» Prompt: Give the data again exactly, without images.

» Information supplied:

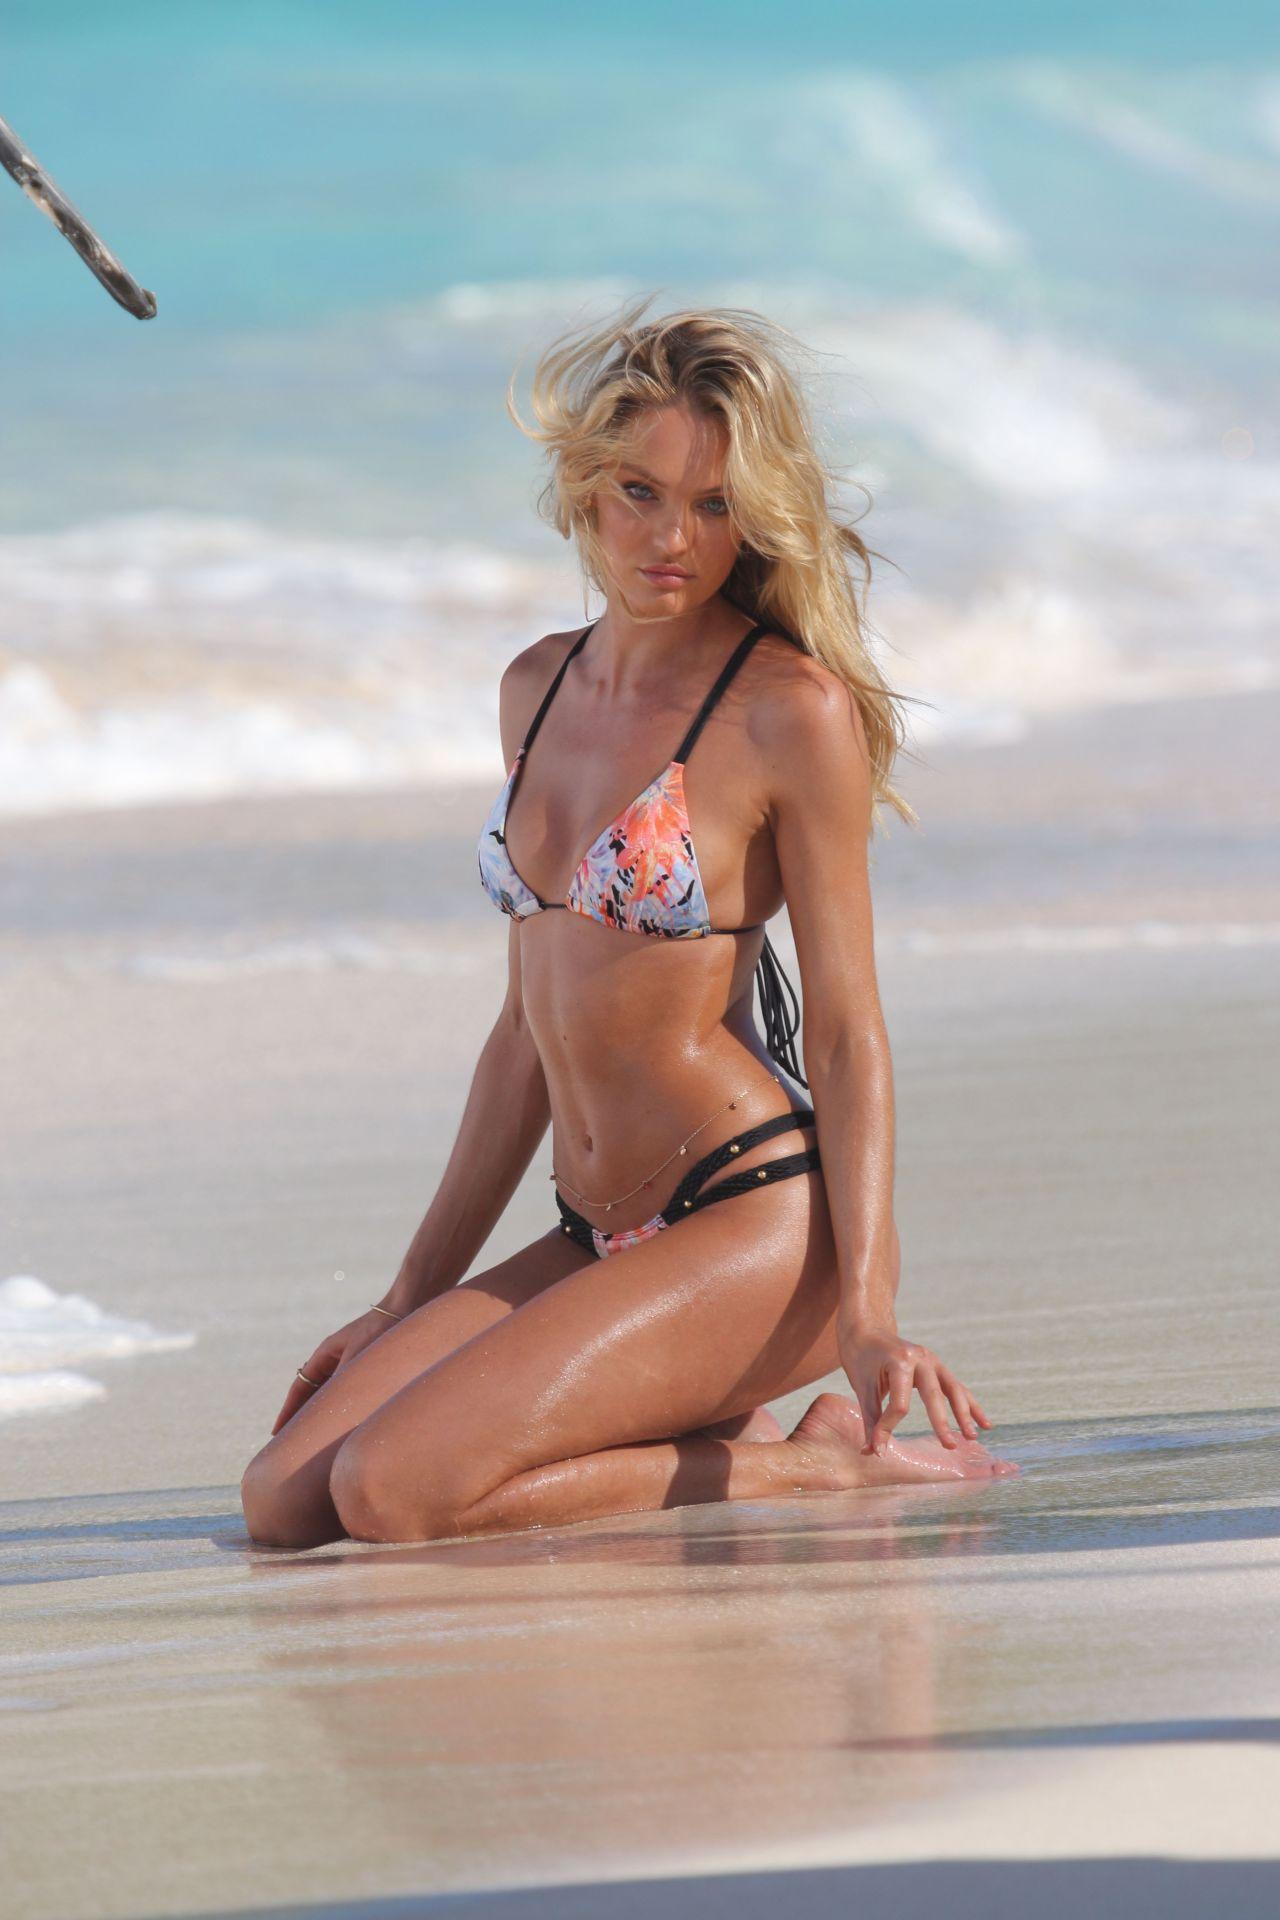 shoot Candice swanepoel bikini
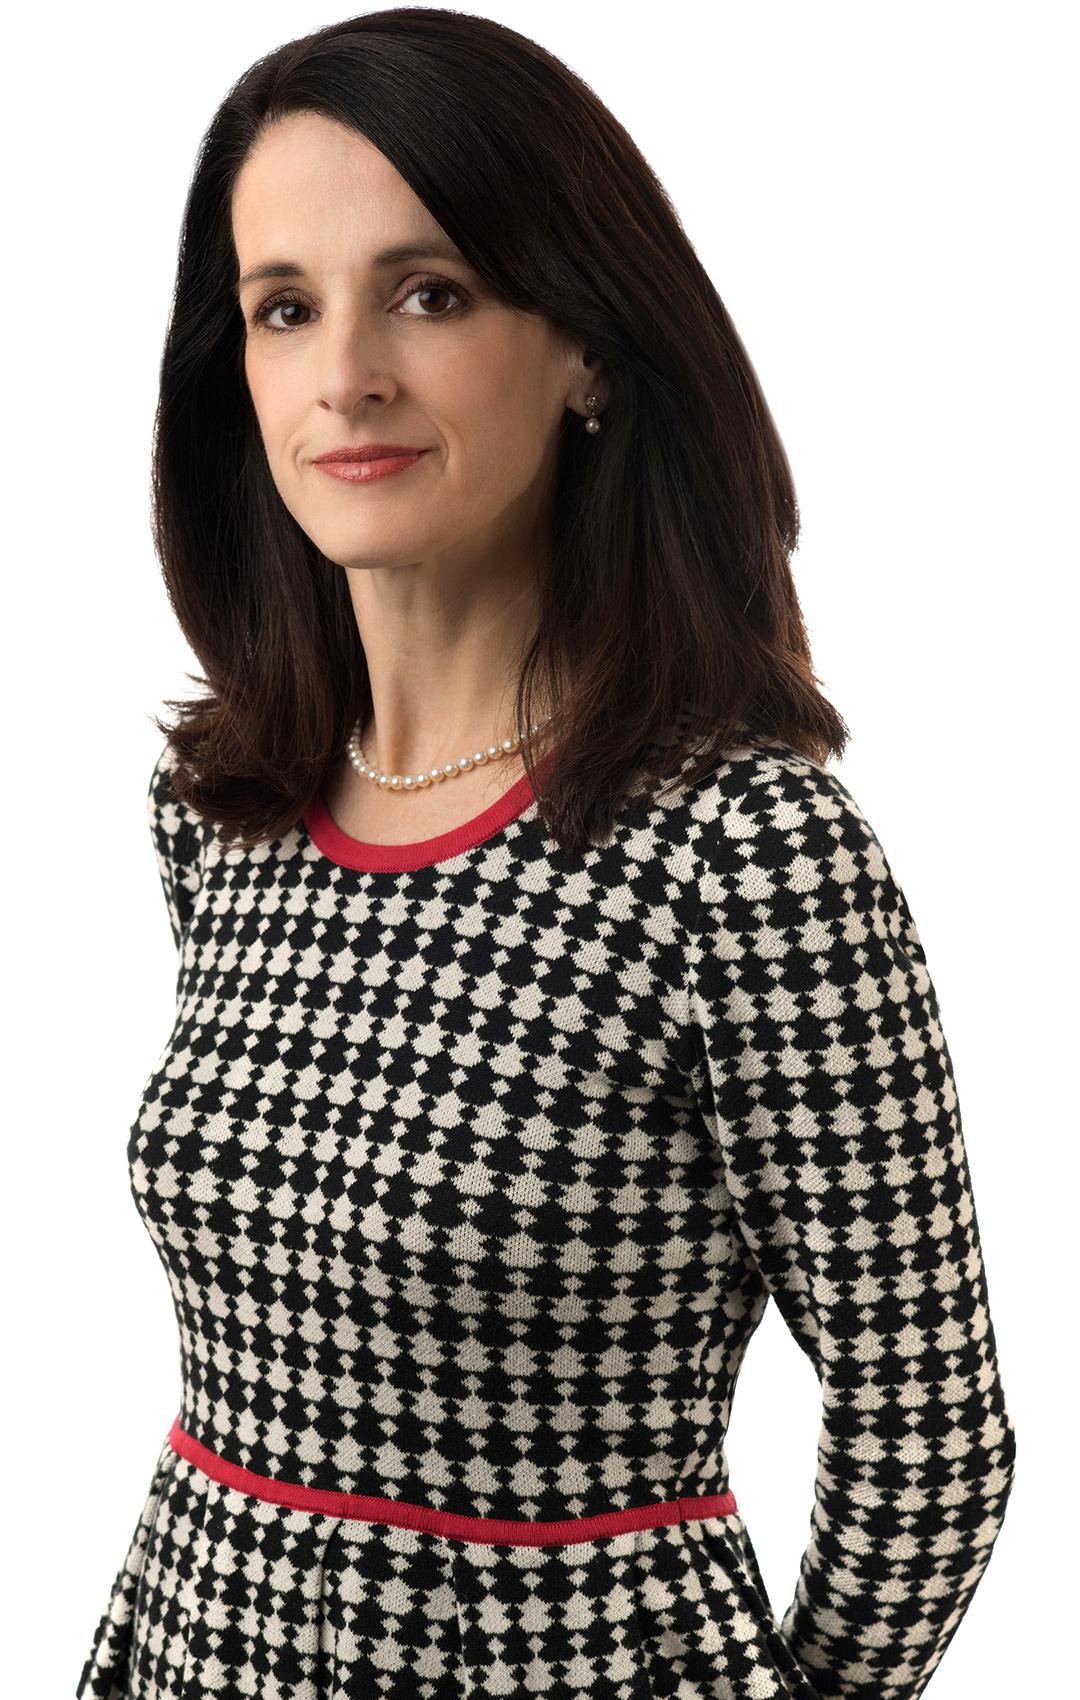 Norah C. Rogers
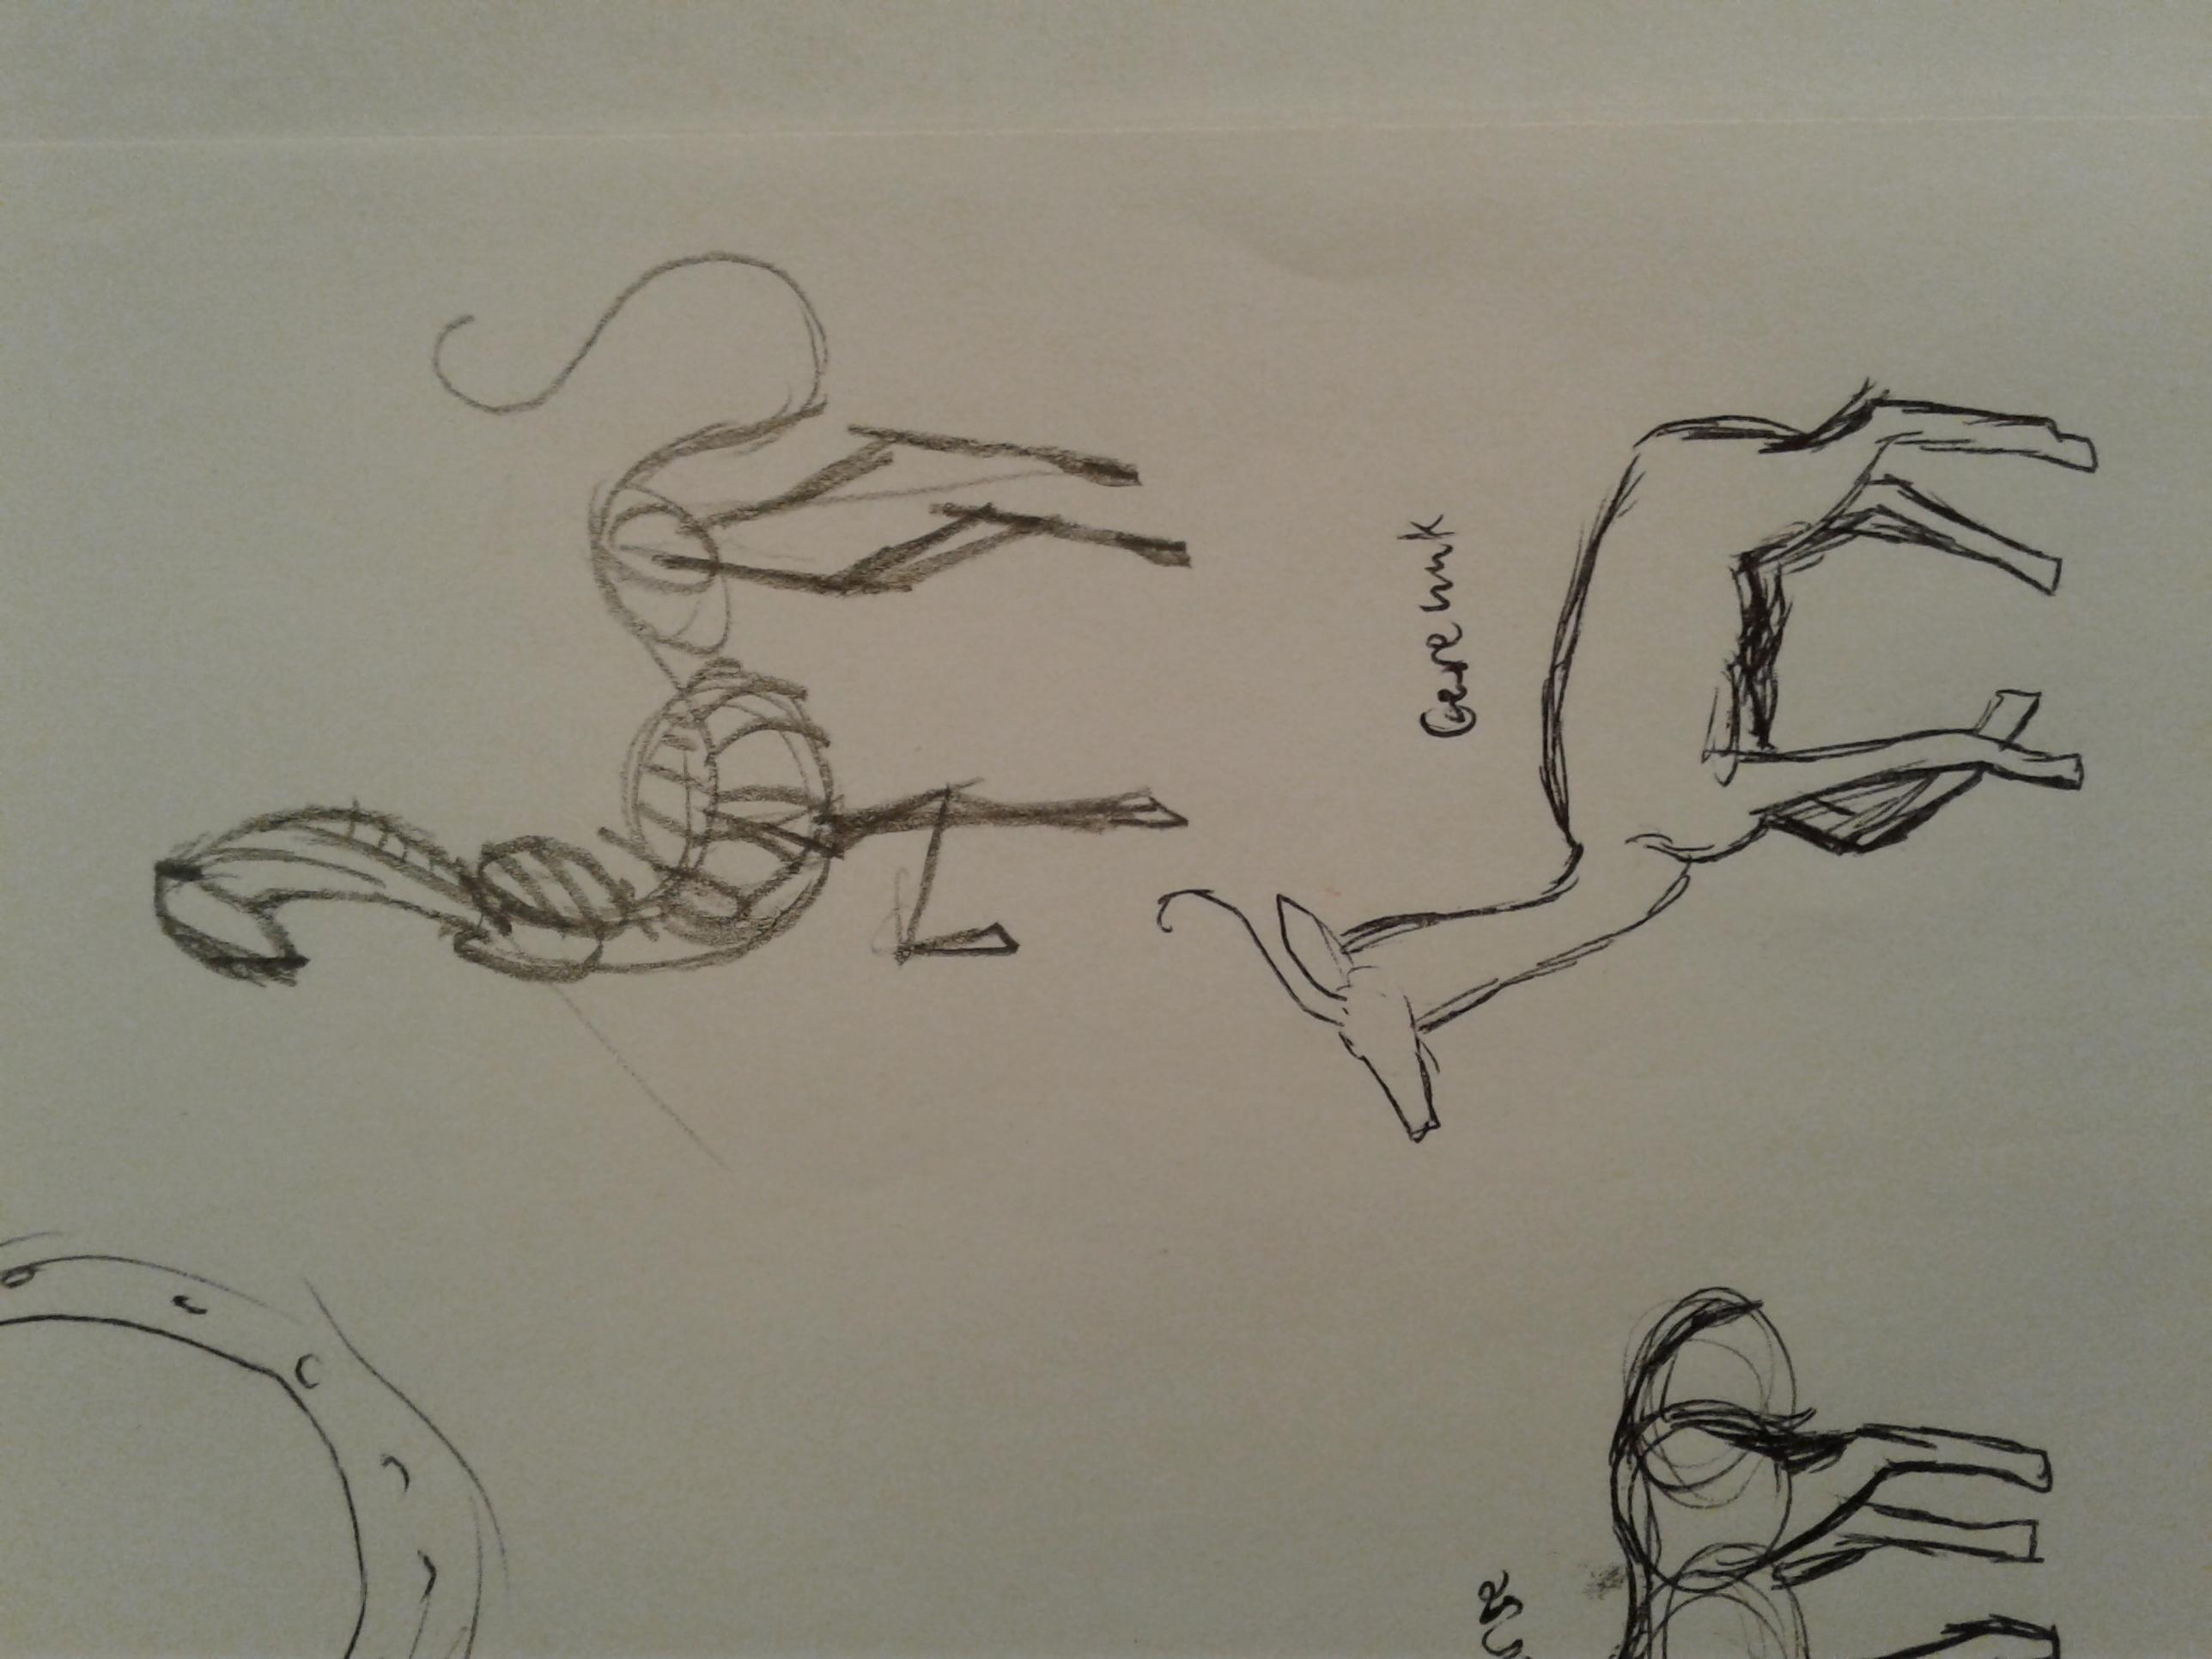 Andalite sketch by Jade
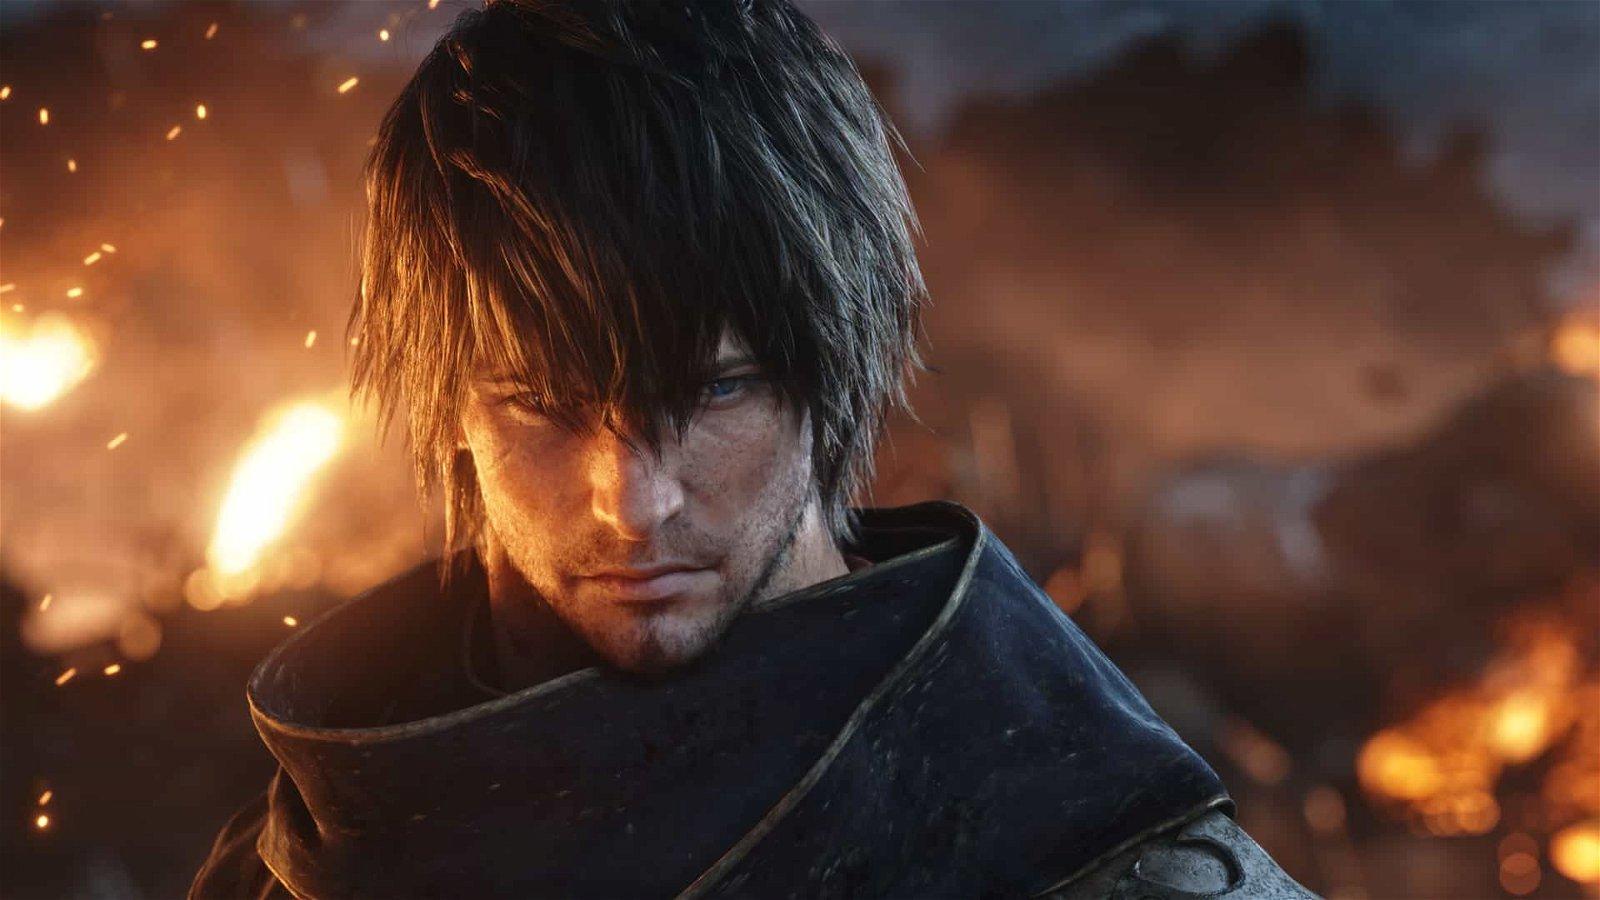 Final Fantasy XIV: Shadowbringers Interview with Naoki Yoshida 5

» Completed exercise:
 shoot Candice swanepoel bikini
 Norah C. Rogers
 Andalite sketch by Jade
 Final Fantasy XIV: Shadowbringers Interview with Naoki Yoshida 5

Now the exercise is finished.